Records from a dataset:
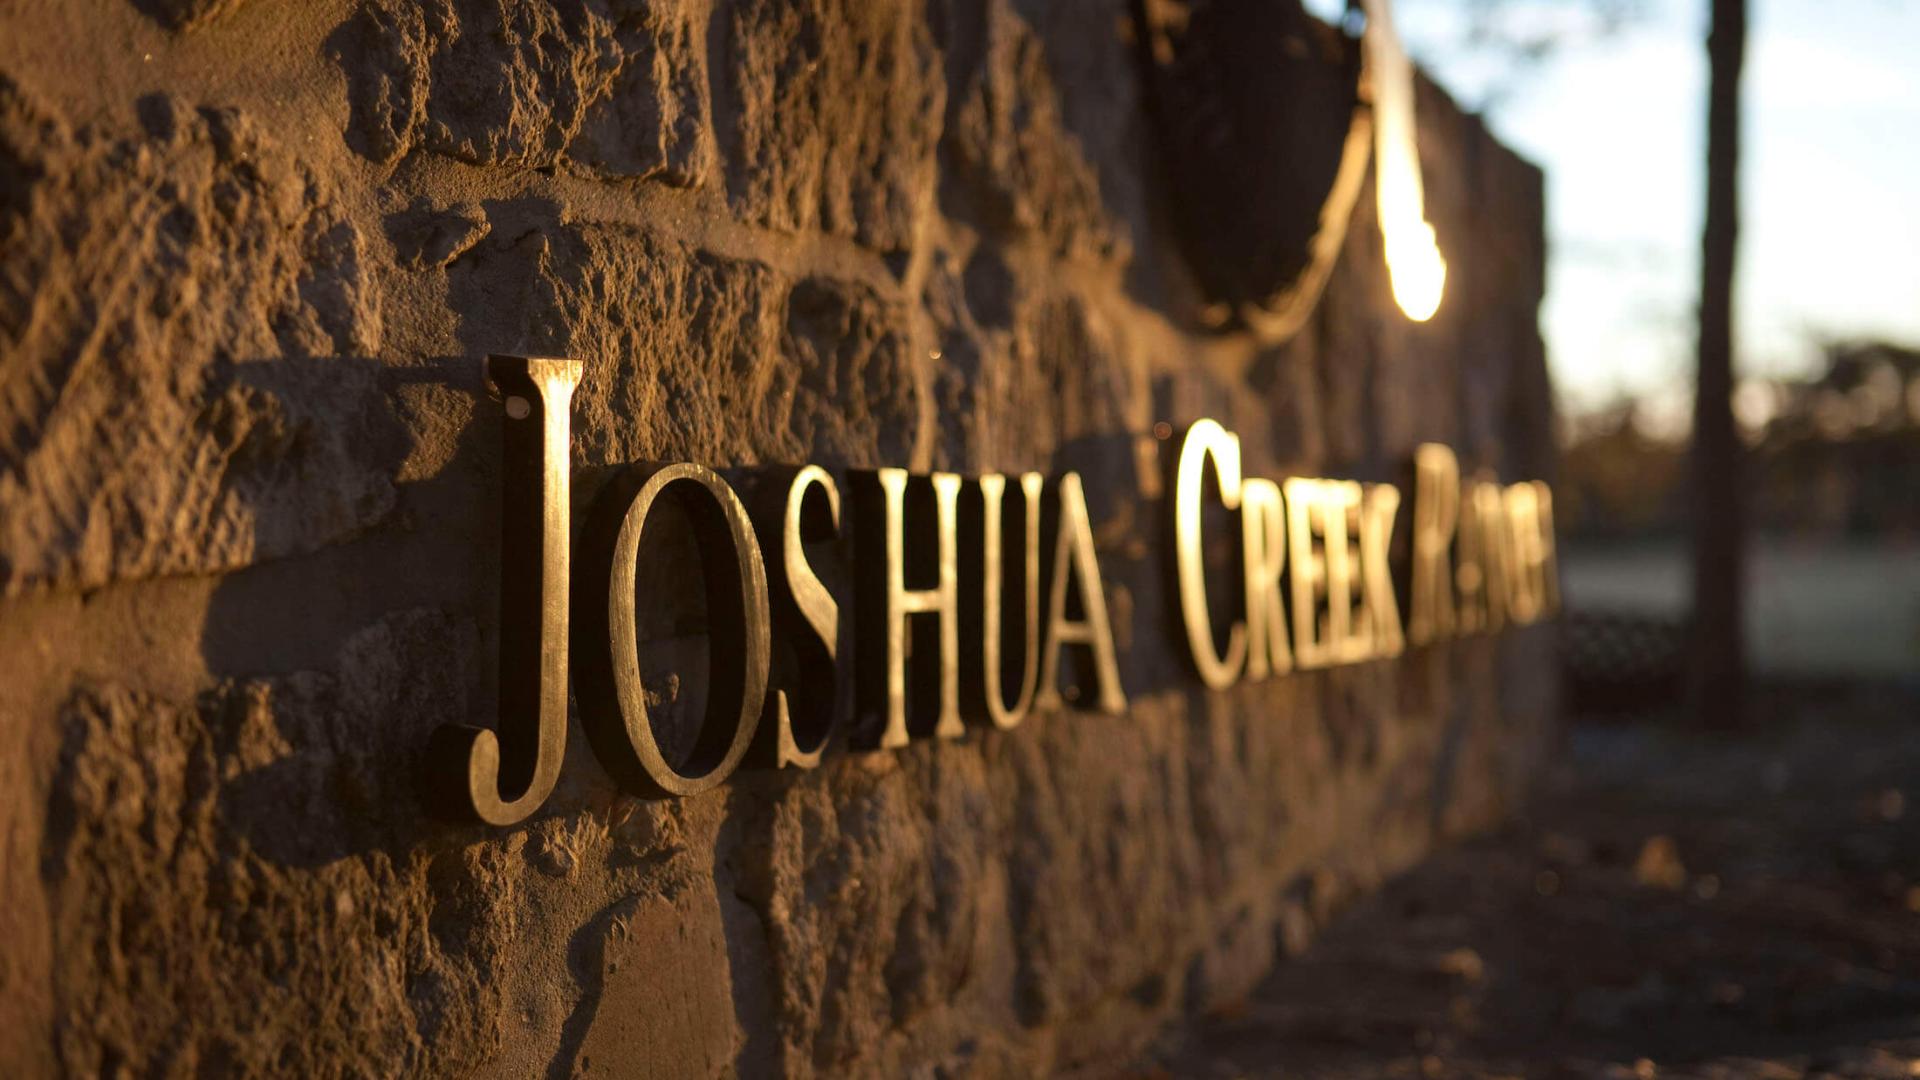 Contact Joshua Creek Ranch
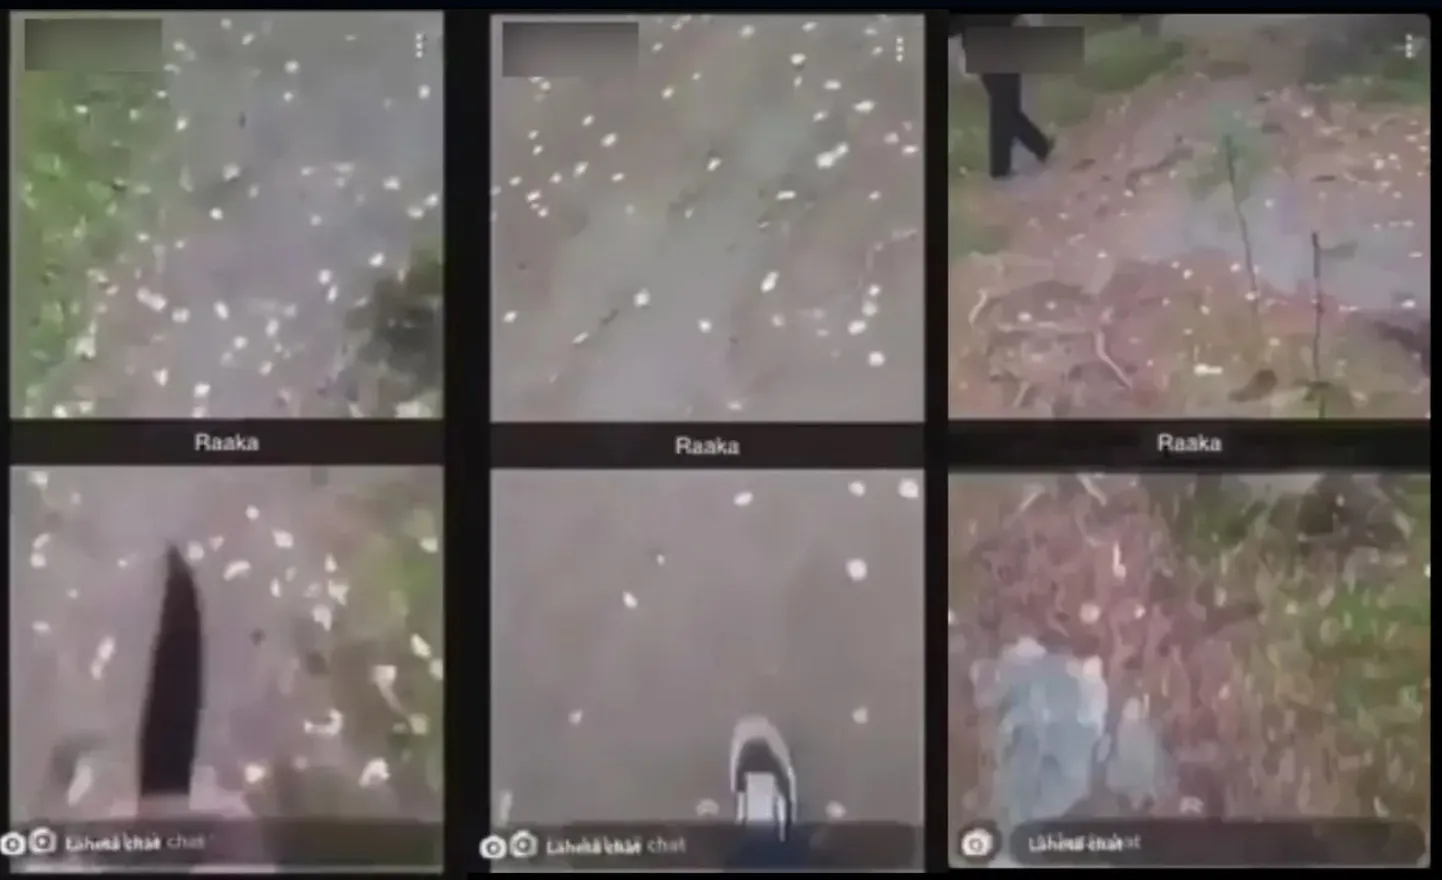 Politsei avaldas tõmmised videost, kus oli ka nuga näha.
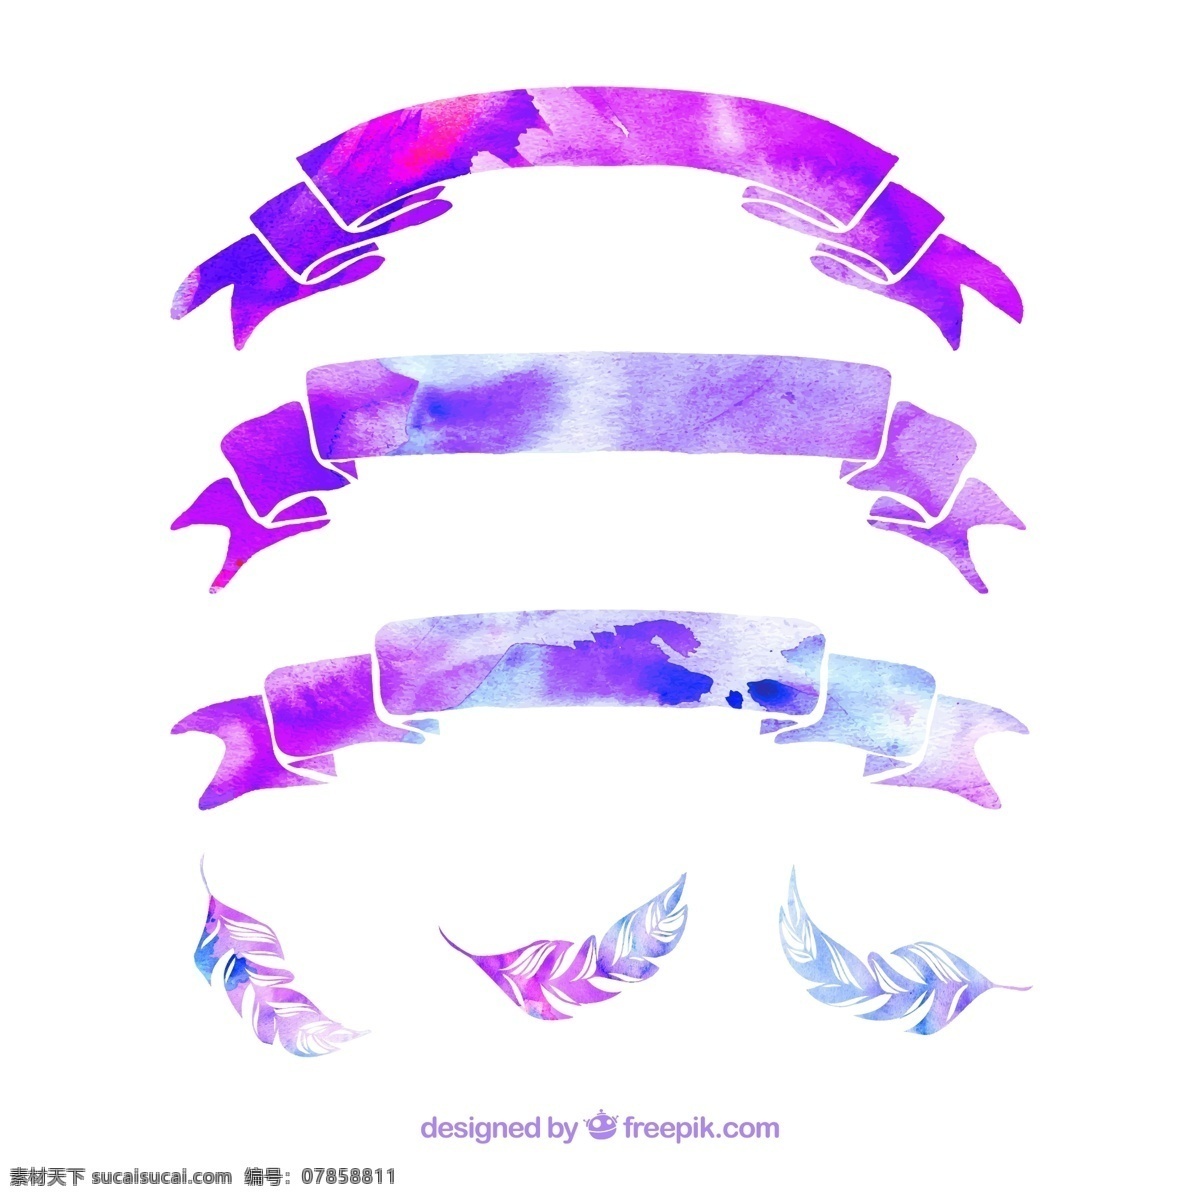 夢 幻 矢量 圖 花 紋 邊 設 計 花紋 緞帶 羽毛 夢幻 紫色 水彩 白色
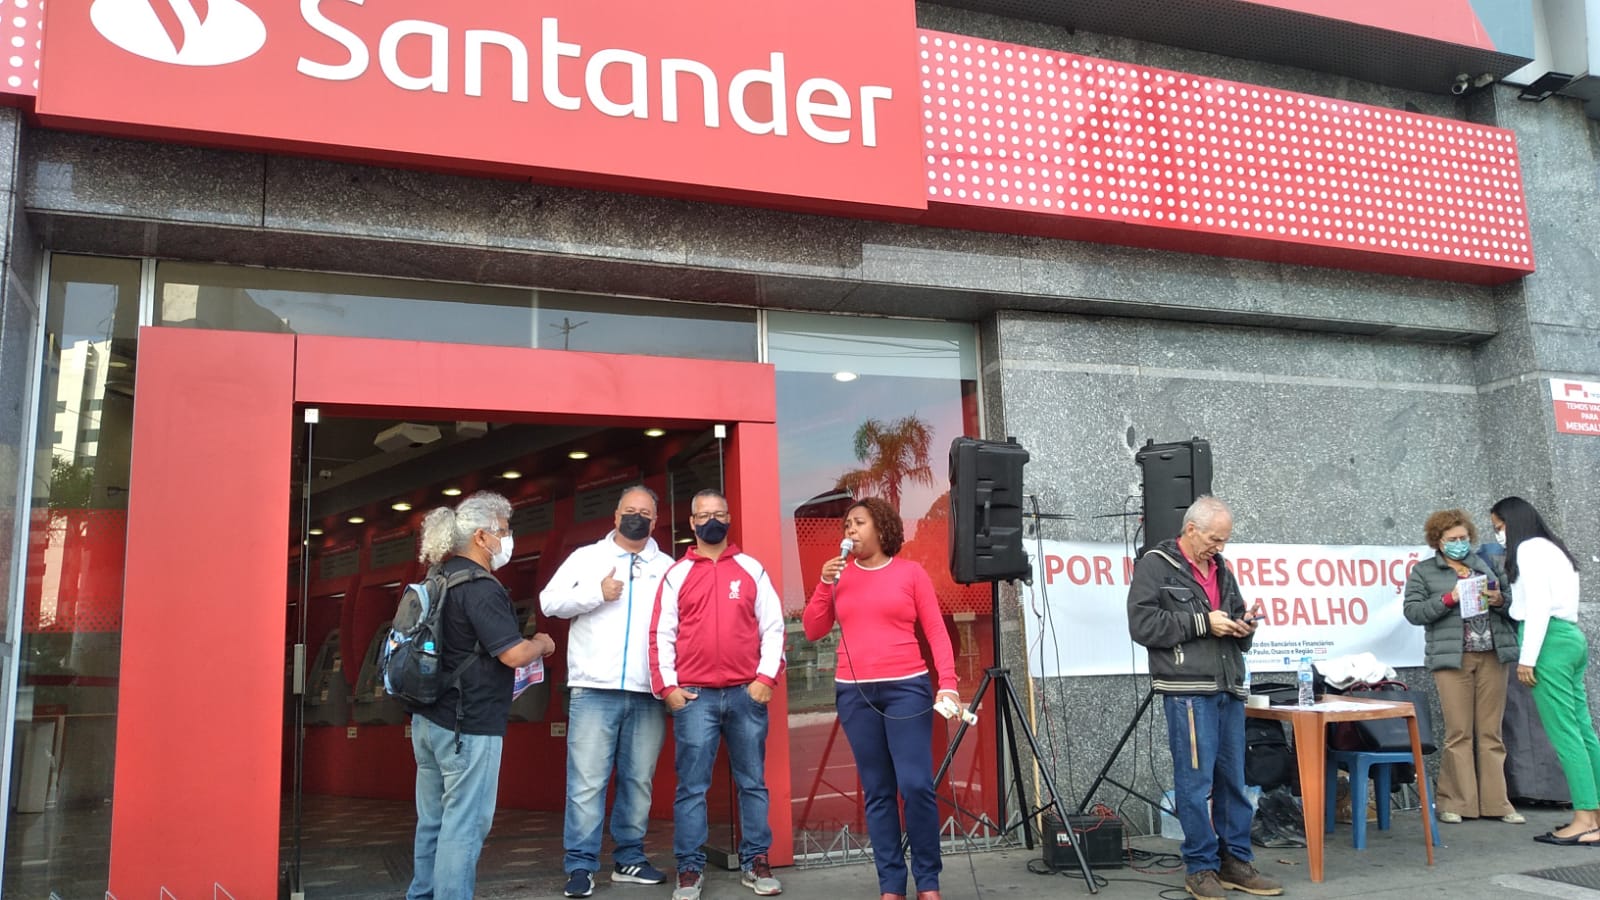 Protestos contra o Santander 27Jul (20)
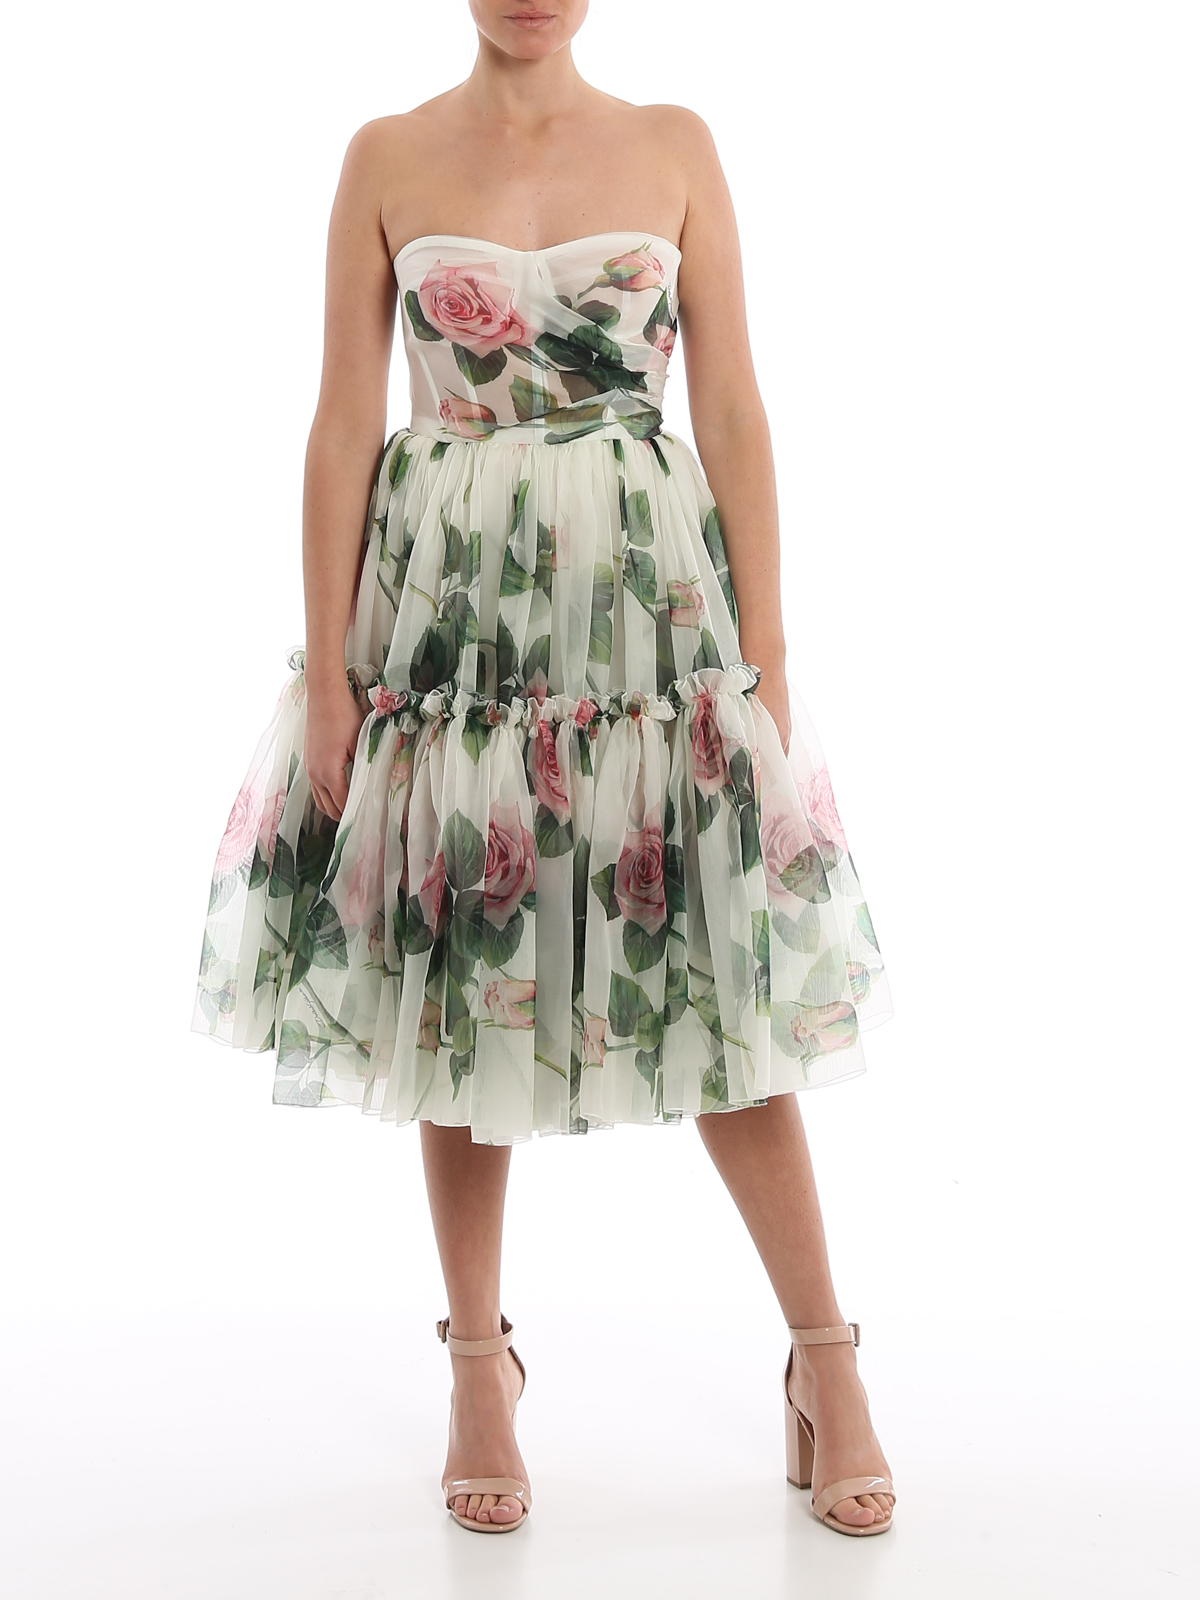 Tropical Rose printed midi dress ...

## Instructions to follow
What you return should match the records above word for word, minus the pictures.

## Answer space
 Contact Joshua Creek Ranch
 Politsei avaldas tõmmised videost, kus oli ka nuga näha.
 夢 幻 矢量 圖 花 紋 邊 設 計 花紋 緞帶 羽毛 夢幻 紫色 水彩 白色
 Protestos contra o Santander 27Jul (20)
 Tropical Rose printed midi dress ...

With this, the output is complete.